How does muscle store glucose?

From the Guidelines

Muscles store glucose primarily as glycogen, a complex carbohydrate made up of multiple glucose molecules linked together. This process is facilitated by insulin, which signals muscle cells to take up glucose from the blood, and then through glycogenesis, glucose molecules are joined together to form glycogen, serving as a readily available energy reserve 1.

Key Points About Muscle Glucose Storage

• When you consume carbohydrates, your body breaks them down into glucose, which enters the bloodstream.
• Insulin then signals muscle cells to take up this glucose from the blood.
• Inside the muscle cells, glucose molecules are joined together through a process called glycogenesis to form glycogen.
• This stored glycogen can be quickly broken down through glycogenolysis when energy is needed during physical activity, especially during high-intensity exercise.
• As noted in a joint position statement by the American College of Sports Medicine and the American Diabetes Association, muscular contractions stimulate glucose transport via a separate, additive mechanism not impaired by insulin resistance or type 2 diabetes 1.

Importance of Glycogen Storage

• Muscle glycogen storage is particularly important for athletes and physically active individuals, as it directly affects exercise performance and endurance.
• Regular physical activity increases muscle cells' ability to store glycogen, which is why trained athletes can often store more glycogen than untrained individuals.
• Consuming carbohydrates after exercise helps replenish these glycogen stores more efficiently, preparing muscles for future activity.

Clinical Implications

• Understanding how muscles store glucose is crucial for managing conditions like type 2 diabetes, where insulin-stimulated glucose uptake into skeletal muscle is impaired 1.
• A combination of aerobic and resistance exercise training may be more effective in improving blood glucose control than either alone, highlighting the importance of physical activity in glucose metabolism 1.

From the Research

Muscle Glucose Storage

• Muscle stores glucose in the form of glycogen, a branched polymer of glucose 2, 3, 4.
• The majority of glycogen is stored in skeletal muscles (∼500 g) and the liver (∼100 g) 3.
• Glycogen synthesis requires a series of reactions that include glucose entrance into the cell through transporters, phosphorylation of glucose to glucose 6-phosphate, isomerization to glucose 1-phosphate, and formation of uridine 5'-diphosphate-glucose, which is the direct glucose donor for glycogen synthesis 4.
• Glycogenin catalyzes the formation of a short glucose polymer that is extended by the action of glycogen synthase, and glycogen branching enzyme introduces branch points in the glycogen particle at even intervals 4.

Glycogen Metabolism

• Glycogen is accumulated in the liver primarily during the postprandial period and in the skeletal muscle predominantly after exercise 4.
• Glycogen breakdown or glycogenolysis is carried out by two enzymes, glycogen phosphorylase which releases glucose 1-phosphate from the linear chains of glycogen, and glycogen debranching enzyme which untangles the branch points 4.
• The glucose 6-phosphatase system catalyzes the dephosphorylation of glucose 6-phosphate to glucose, a necessary step for free glucose to leave the cell 4.
• Mutations in the genes encoding the enzymes involved in glycogen metabolism cause glycogen storage diseases 4.

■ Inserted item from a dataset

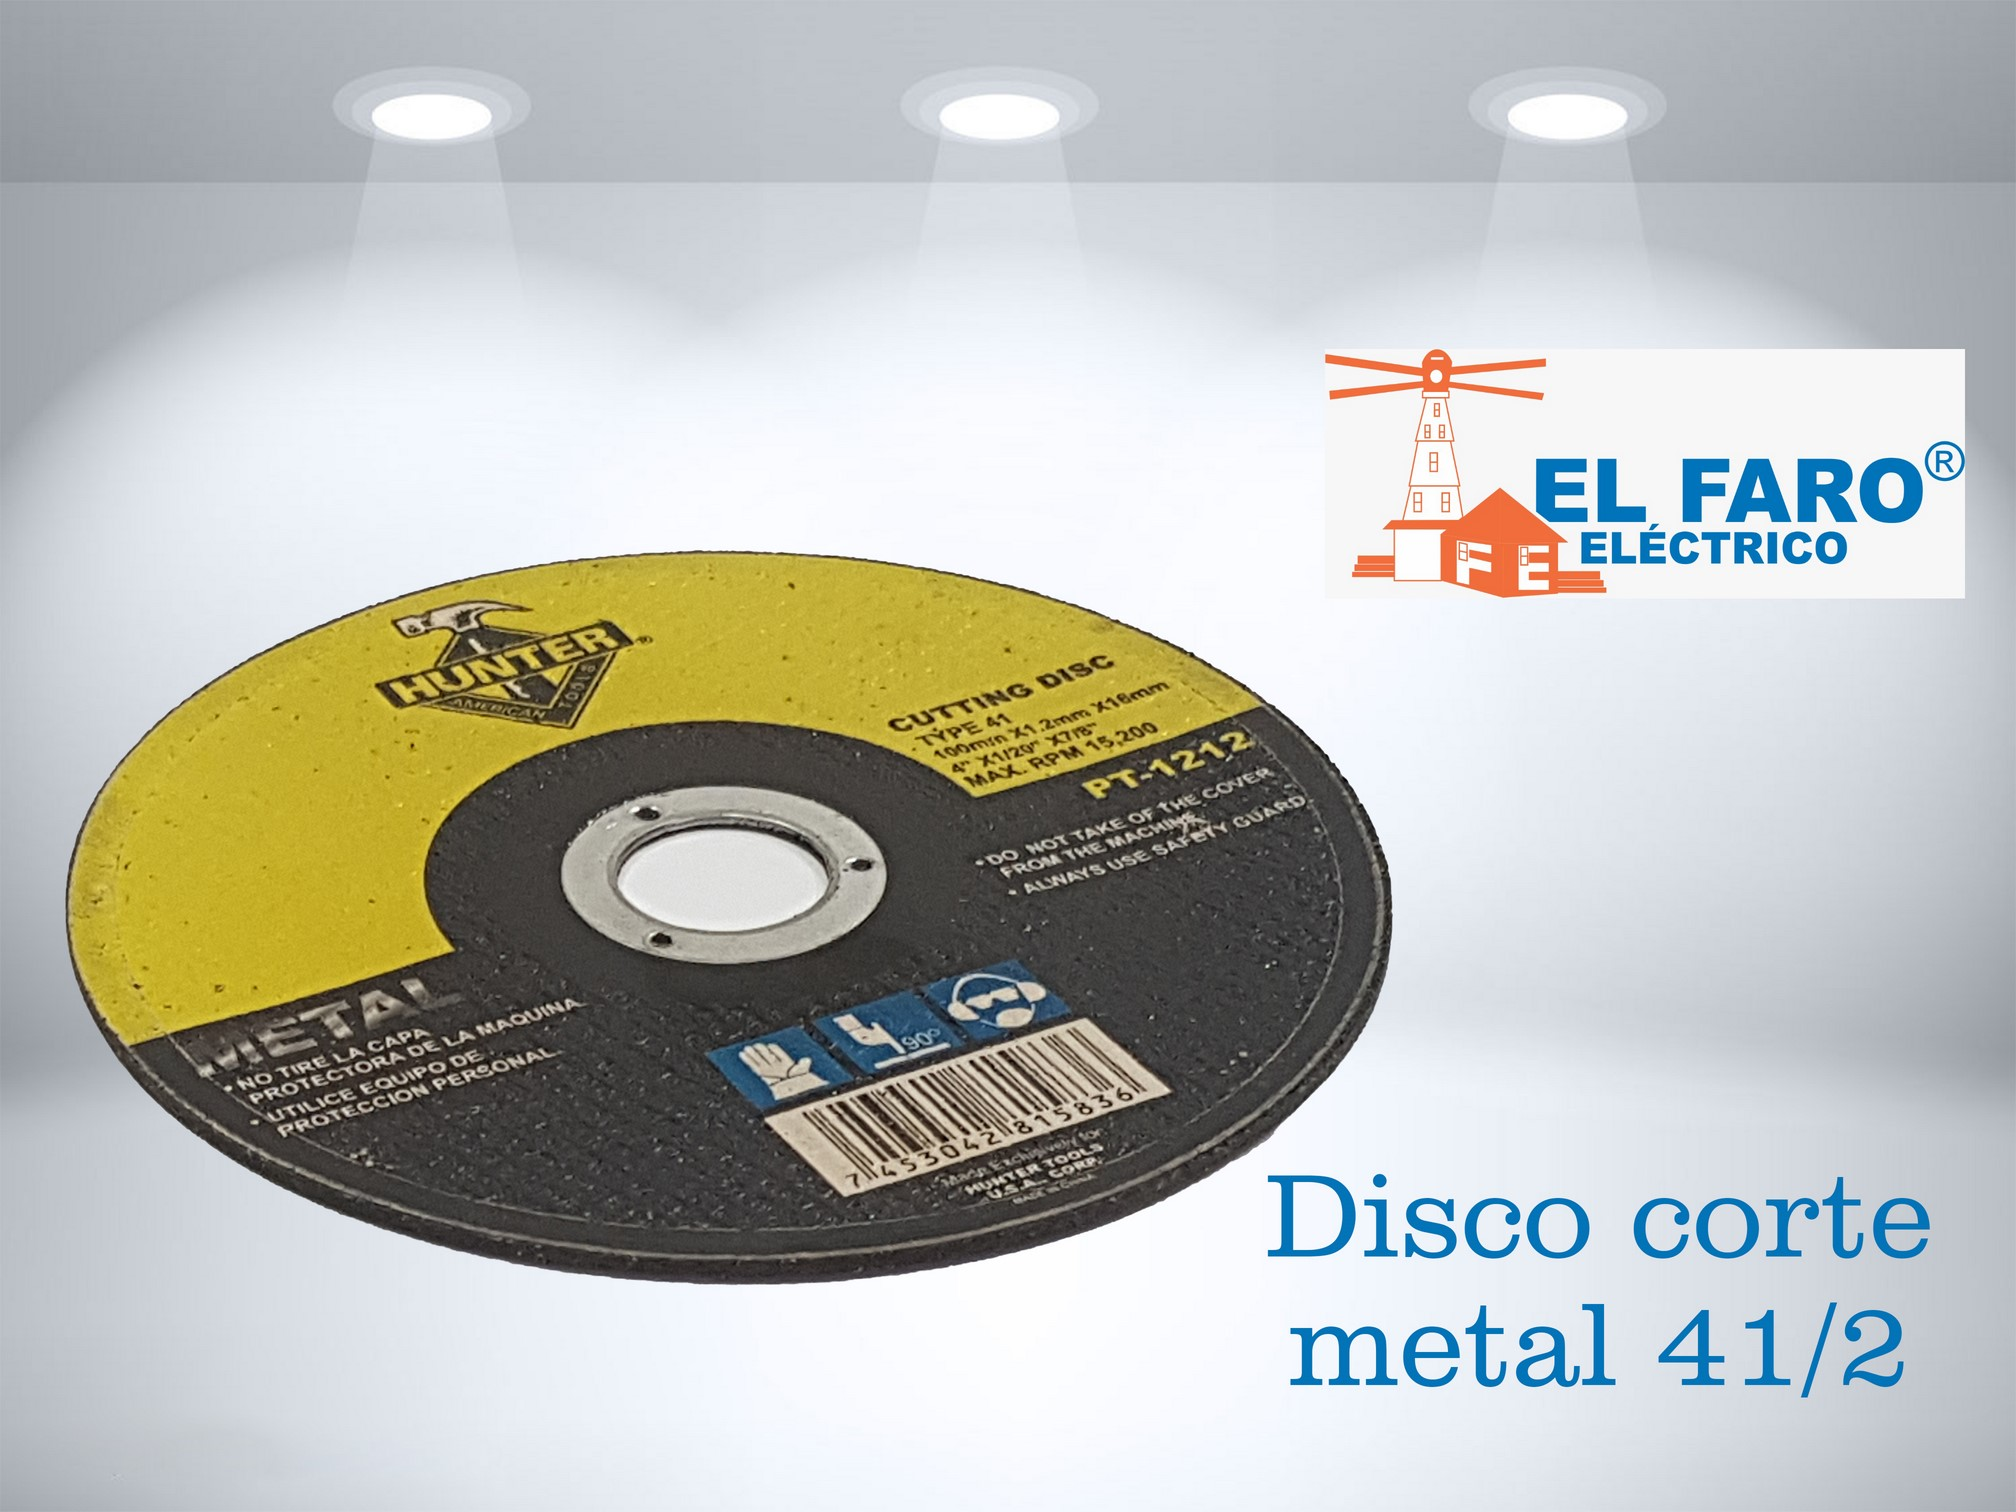 Disco corte metal 41/2

Regulation of Glycogen Metabolism

• Glycogen regulation takes place not only by allosteric regulation of enzymes, but also due to other factors such as subcellular location, granule size, and association with various glycogen-related proteins 5.
• Two metabolically distinct forms of glycogen, pro- and marcoglycogen have been identified that vary in their carbohydrate complement per molecule and have different sensitivities to glycogen synthesis and degradation 5.
• Exercise-induced muscle glucose uptake is regulated by the translocation of GLUT4 glucose transporter to the plasma membrane and T-tubules upon muscle contraction 6.
• Contraction-induced molecular signaling is complex and involves a variety of signaling molecules including AMPK, Ca(2+), and NOS in the proximal part of the signaling cascade as well as GTPases, Rab, and SNARE proteins and cytoskeletal components in the distal part 6.